– Каким образом? – спрашивает Бина.
Герц морщит губы, пожимает плечами и скашивает глаза в темный угол комнаты. Ему почти восемьдесят, и до сих пор он никогда ни в чем не исповедовался.
– Он показал мне свою чертову задачку, этот свой мат в два хода. Сказал, что получил ее от какого-то русского. Сказал, что если бы я попробовал ее решить, то понял бы, что он чувствует.
– Цугцванг, – говорит Бина.
– А что это? – спрашивает Эстер-Малке.
– Это когда у тебя не осталось хороших ходов, – объясняет Бина, – а ходить ты должен.
– Ох эти шахматы, – закатывает глаза Эстер-Малке.
– Это до сих пор сводит меня с ума, – продолжает Герц. – Я так и не смог поставить мат меньше чем за три хода.
– Слон на цэ-два, – произносит Ландсман. – Восклицательный знак.
Герц довольно долго, как показалось Ландсману, с закрытыми глазами обдумывает сказанное, но в конце концов старик кивает:
– Цугцванг.
– Старик, почему ты? – спрашивает Берко. – Вы же едва знали друг друга.
– Он знал меня. Очень хорошо знал, понятия не имею откуда. Знал, как я ненавижу проигрывать. Что я не допущу, чтобы Литвак обтяпал эту глупость. Я не мог. Все, ради чего я трудился всю свою жизнь. – Он кривится, будто у него горько во рту. – А теперь посмотрите, что творится! Они это сделали.
– Ты попал туда через туннель? – спрашивает Мейер. – В гостиницу.
– Какой туннель? Я вошел через парадный подъезд. Может, ты и не заметил, Мейерле, но дом, где ты живешь, не слишком тщательно охраняется.
Еще две или три длинные минуты отматываются со шпули времени. У себя на застекленной лоджии Голди и Пинки бурчат, ругаются и возятся в кроватях, будто гномы в подземелье.

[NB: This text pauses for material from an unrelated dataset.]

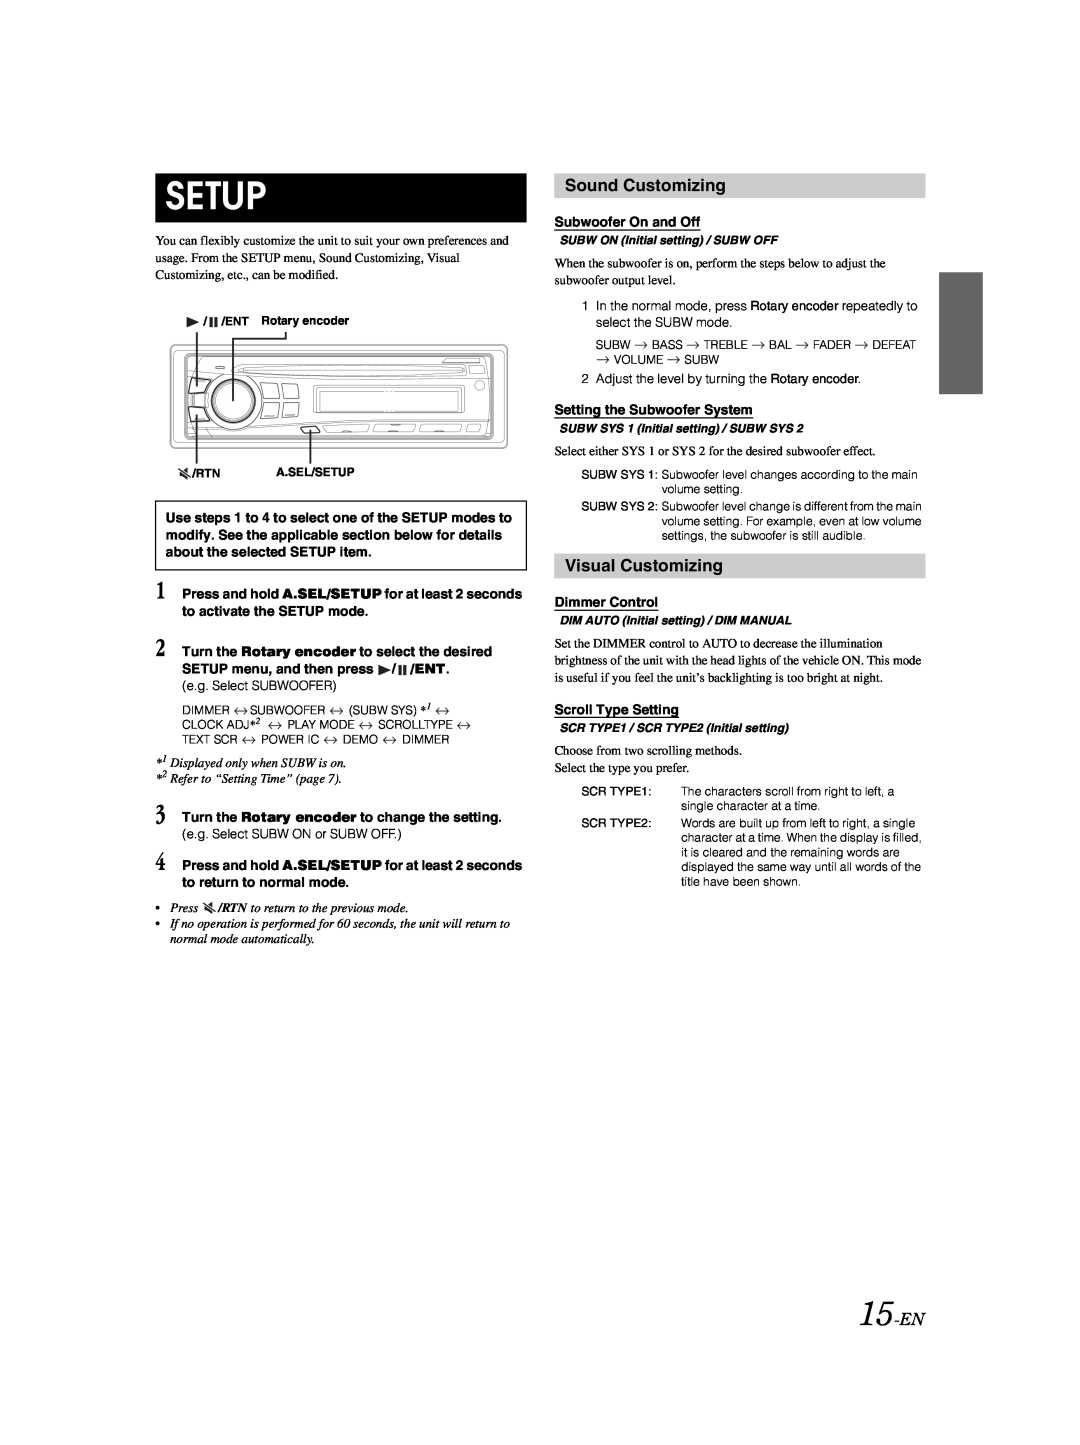 Alpine CDE-9873 owner manual Setup, Sound Customizing, Visual Customizing, 15-EN 
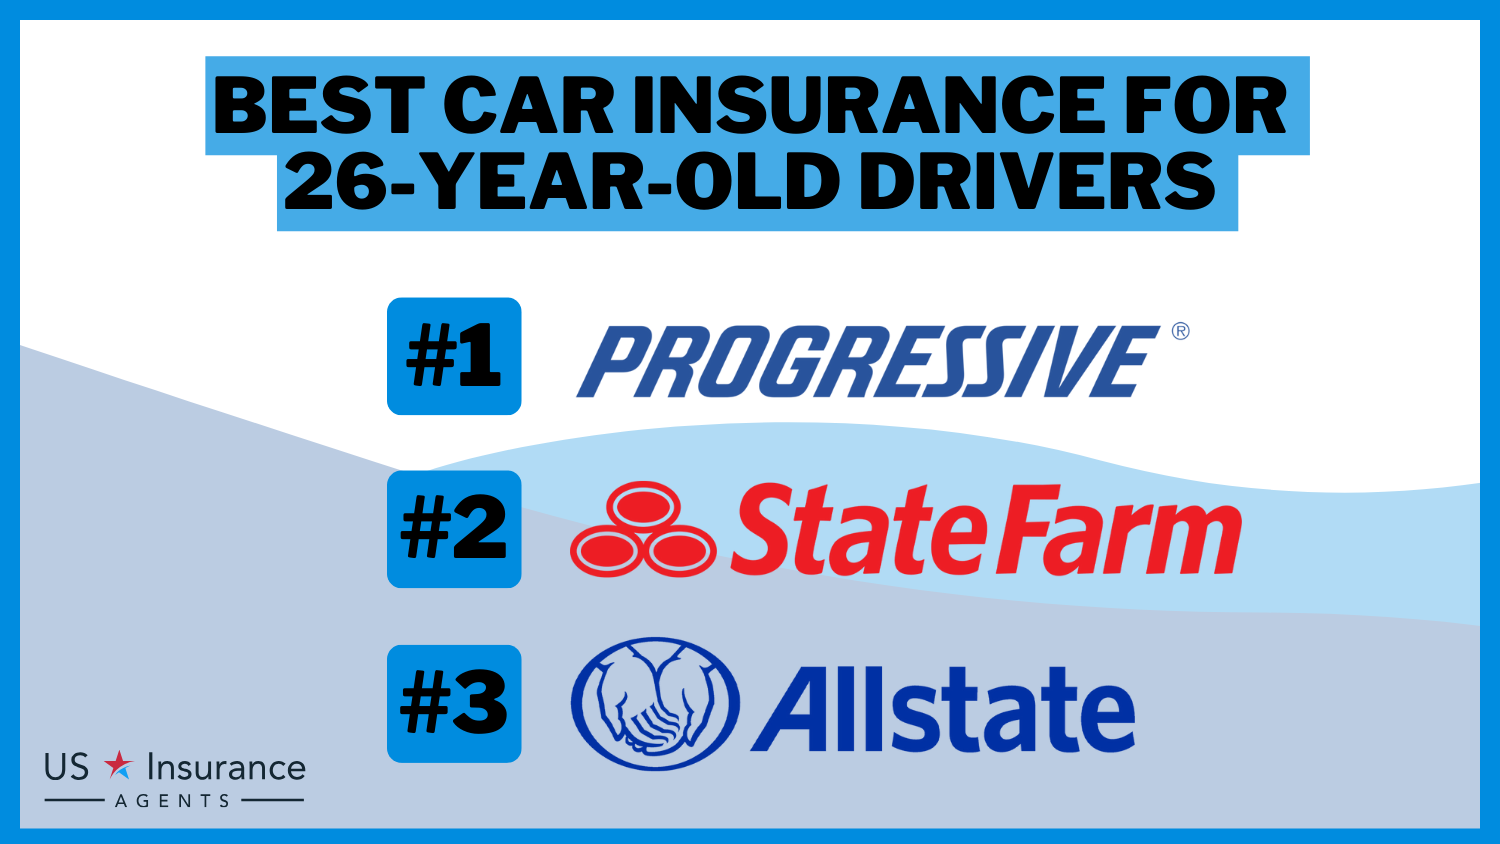 Best Car Insurance For 26-Year-Old Drivers: Progressive, StateFarm, Allstate

– Я помог ему попасть в вену, – наконец произносит Герц, – дождался прихода. Он был в глубокой отключке, когда я достал пистолет Гайстика. Обернул его подушкой. Гайстиков тридцать восьмой калибр, «детектив спешиэл». Перевернул парнишку на живот. И в затылок. Быстро. Безболезненно.
Он снова облизывает губы, и Берко снова подносит ему прохладный глоток из стакана со льдом.
– Плохо, что ты сам себе не смог все устроить так же хорошо, – говорит Берко.
– Я думал, что поступаю правильно, что так я смогу остановить Литвака. – Голос у старика по-детски жалостный. – Но ублюдки все-таки решили попробовать и без Менделя.
Эстер-Малке снимает крышку со стеклянной банки на столе у дивана и отправляет в рот пригоршню орешков.
– Не скажу, что я ужасно встревожена или перепугана, дорогие мои, – говорит она, вставая с кресла, – но я усталая мамашка на раннем сроке и пойду спать.
– Я постерегу его, лапочка, – говорит Берко. – Вдруг он придуривается. Мы уснем, а он возьмет – и телевизор свистнет.